Toward protecting control flow confidentiality in cloud-based computation

• We propose a novel control flow obfuscation technology.
• We propose the continuous cache to limit the performance overhead in a moderate range.
• Our method makes it difficult for attackers to perform reverse engineering attacks.
• We implement a system to protect the program confidentiality of MapReduce jobs.

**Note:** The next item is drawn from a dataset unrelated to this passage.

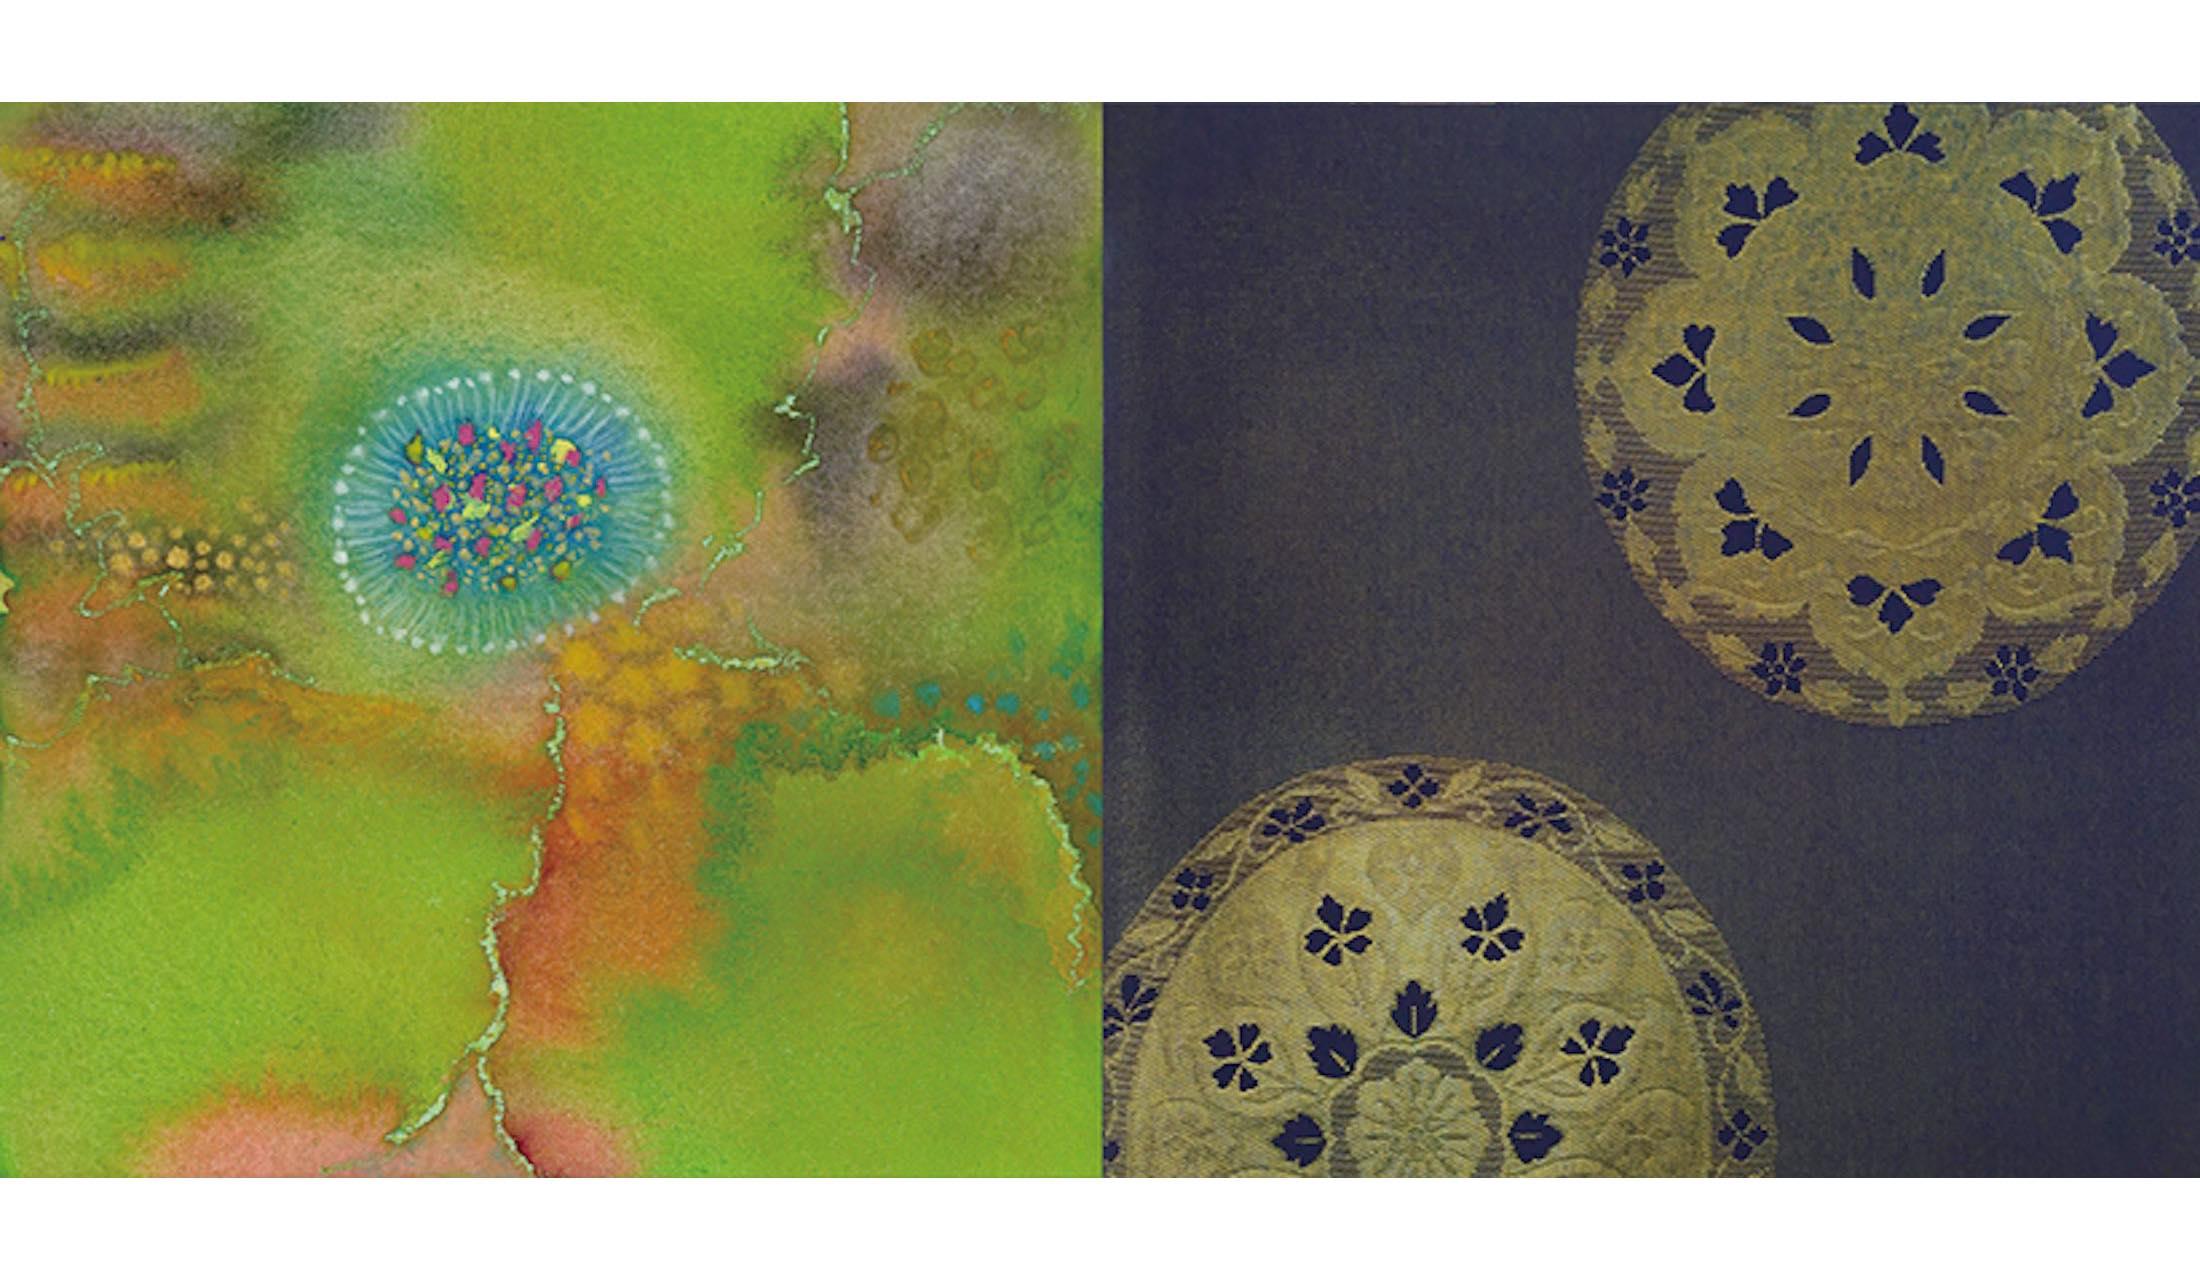 「儘花(まま はな)自由気ままにMAMAHANA-Dedicated to Flowers」の作品

Cloud based computation services have grown in popularity in recent years. Cloud users can deploy an arbitrary computation cluster to public clouds and execute their programs on that remote cluster to reduce infrastructure investment and maintenance costs. However, how to leverage cloud resources while keeping the computation confidential is a new challenge to be explored. In this paper, we propose runtime control flow obfuscation (RCFO) to protect the control flow confidentiality of outsourced programs. RCFO transforms an outsourced program into two parts: the public program running on the untrusted public cloud and the private program running on the trusted private cloud. By hiding parts of the control flow information in the private program and inserting fake branch statements into the public program, RCFO raises the bar for static and dynamic analysis-based reverse engineering attacks. Based on RCFO, we implement a system called MRDisguiser to protect cloud-based MapReduce services. We perform experiments on a real MapReduce service, Amazon Elastic MapReduce. The experimental results indicate that MRDisguiser is compatible with current cloud-based MapReduce services, and incurs moderate performance overhead. Specifically, when the obfuscation degree increases from 0 to 1.0, the average performance overhead is between 14.9% and 33.2%.